Michael J. Langan of Principal at Towers Perrin manages a group of employee benefits attorneys who analyze legislative and regulatory issues affecting employer benefit and compensation programs, including retirement, health and welfare, executive compensation and other human resource issues. He urged immediate action be taken on health reform.

“These are times of extraordinary economic turmoil and challenges,” he said in prepared remarks. “Some have even suggested that health reform may need to wait until we address other more urgent economic recovery priorities.”

“We take the opposite view,” Langan continued. “Addressing the nation’s health policy challenges is an integral element of — rather than an obstacle to — economic recovery and personal financial security.”

Dr. David Himmelstein, a Harvard professor, proposed a single-payer plan that would cover all Americans and save taxpayers $400 billion annually.

The approach itself is controversial, and President Obama has suggested that it is off the table. However, Majority Leader Harry Reid has said that the Congressional Progressive Caucus “prefers a single-payer approach to health care reform.”

Under a single-payer system, doctors, hospitals and other health care providers are paid from a single fund administered by the government, which eliminates the wasteful spending and high administrative costs of private insurance, saving almost $400 billion annually. This is enough to provide every American with high-quality care, including those who currently have insurance but still cannot afford medications and treatment.

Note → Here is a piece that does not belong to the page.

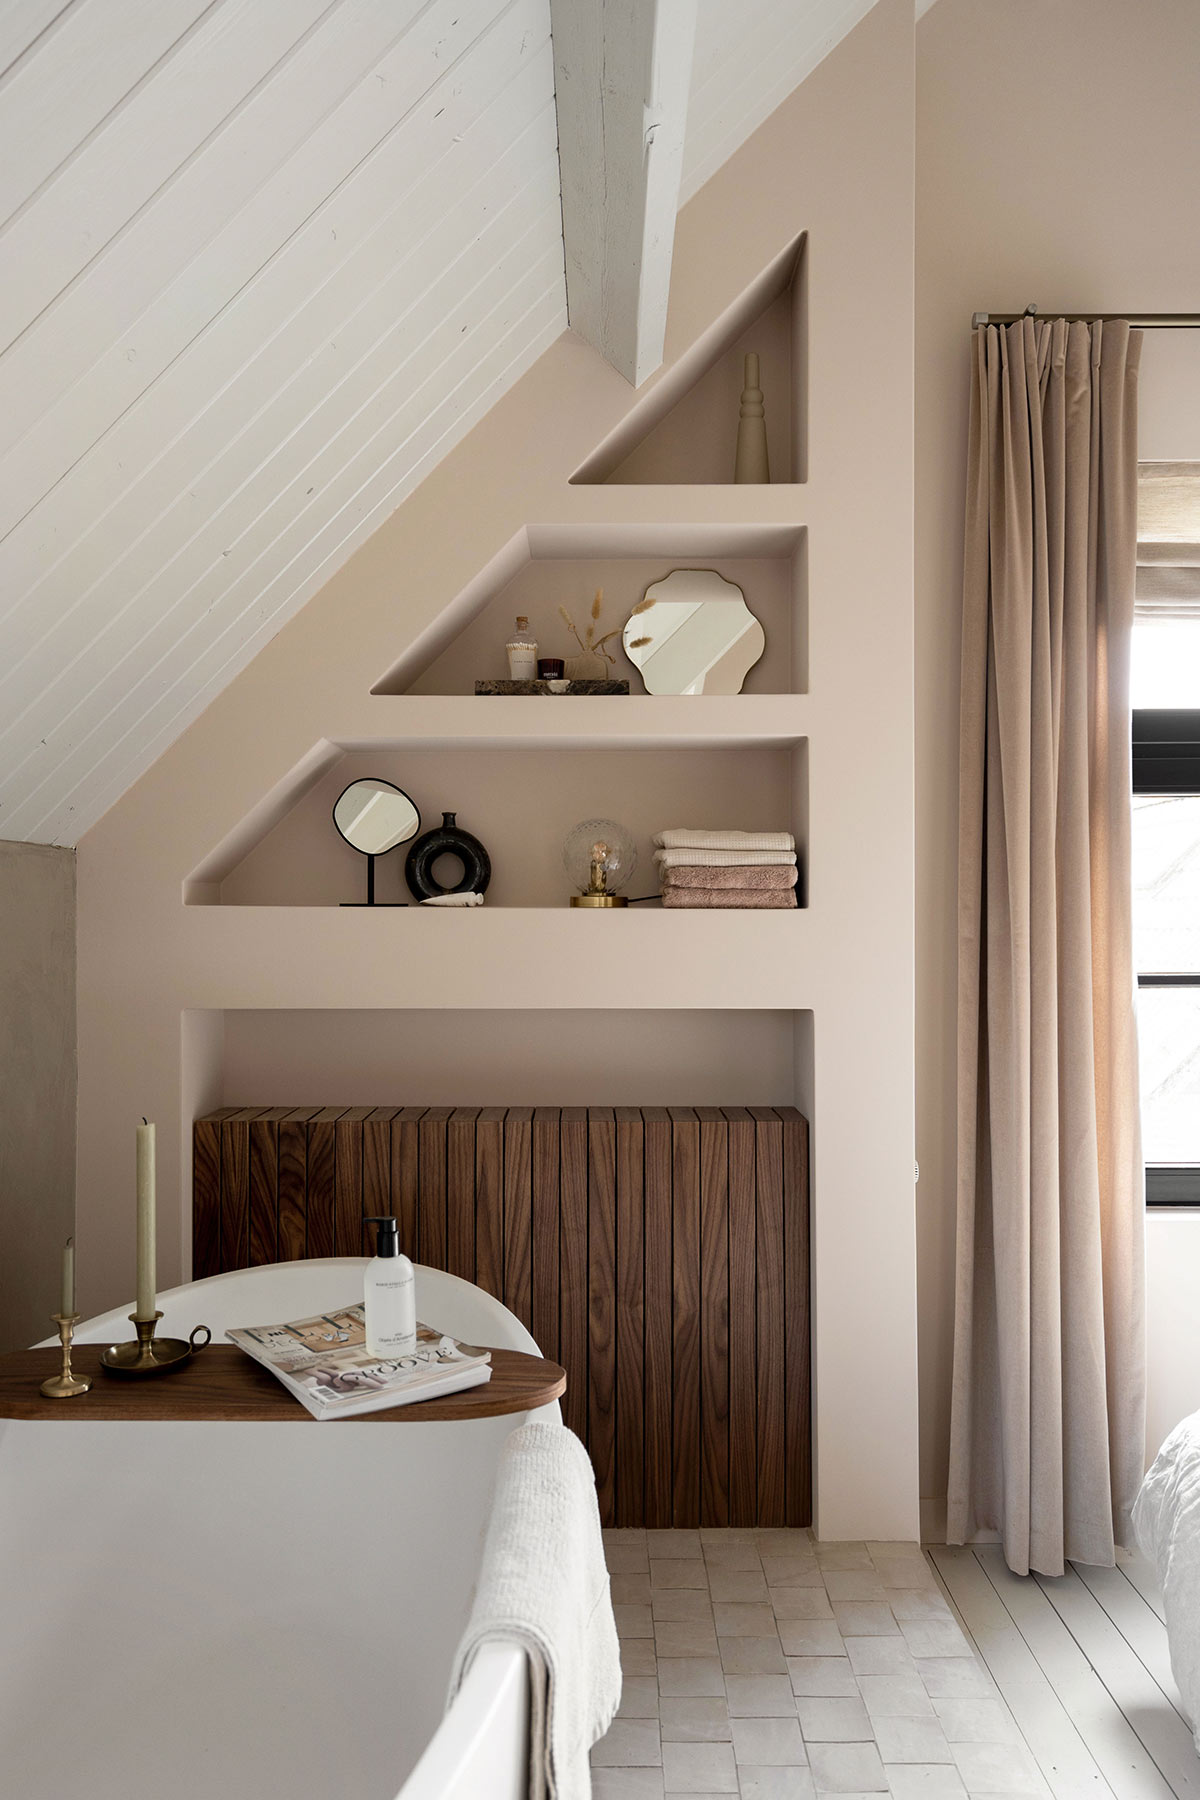 DIY badkamerkast en radiatorombouw - Tanja van Hoogdalem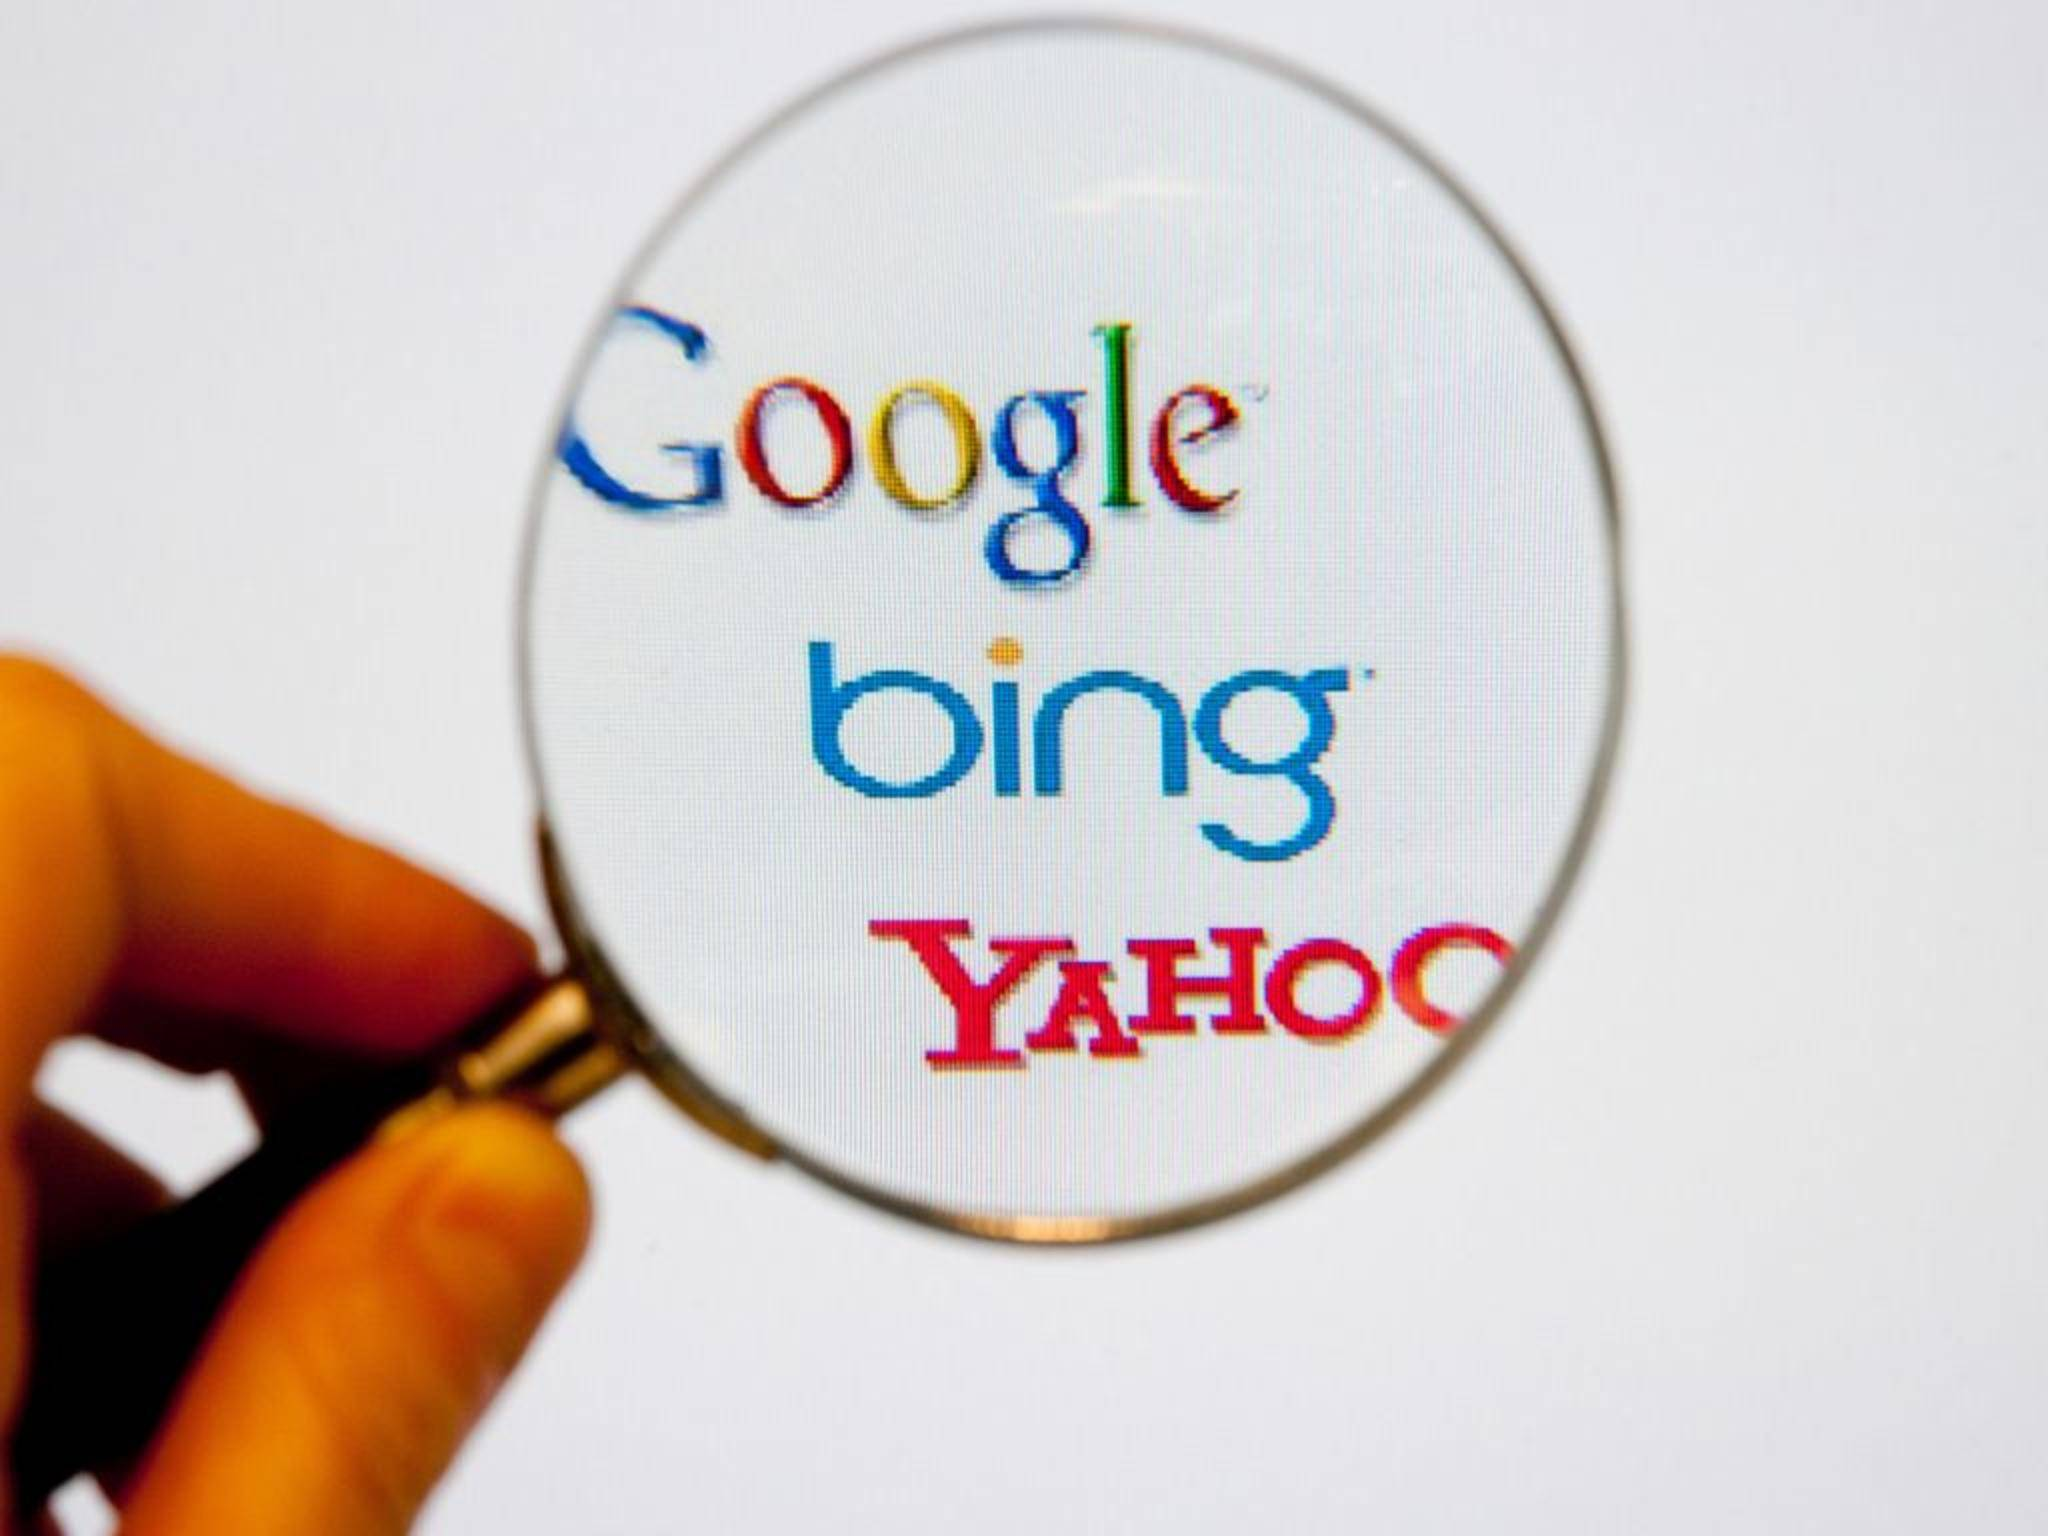 Google, Bing oder Yahoo? Apple  hat die Qual der Wahl.

”[A] single-payer reform would make universal, comprehensive coverage affordable by diverting hundreds of billions of dollars from bureaucracy to patient care,” Himmelstein said in his testimony today. “Lesser reforms - even those that include a public plan option - cannot realize such savings. While reforms that maintain a major role for private insurers may be politically attractive, they are economically and medically nonsensical.”

President Barack Obama has made health care reform one of the five pillars of his path to economic recovery. In addition, his budget director Peter Orszag has said that “the path to fiscal responsibility must run directly through health care…the single most important thing we can do to put the nation back on a sustainable (fiscal) course is slow healthcare costs.”

“It is the key to our fiscal future,” Orszag added.

In his $3.55 trillion budget proposal, Obama requested $635 billion to be set aside for an overhaul of the nation’s health care system.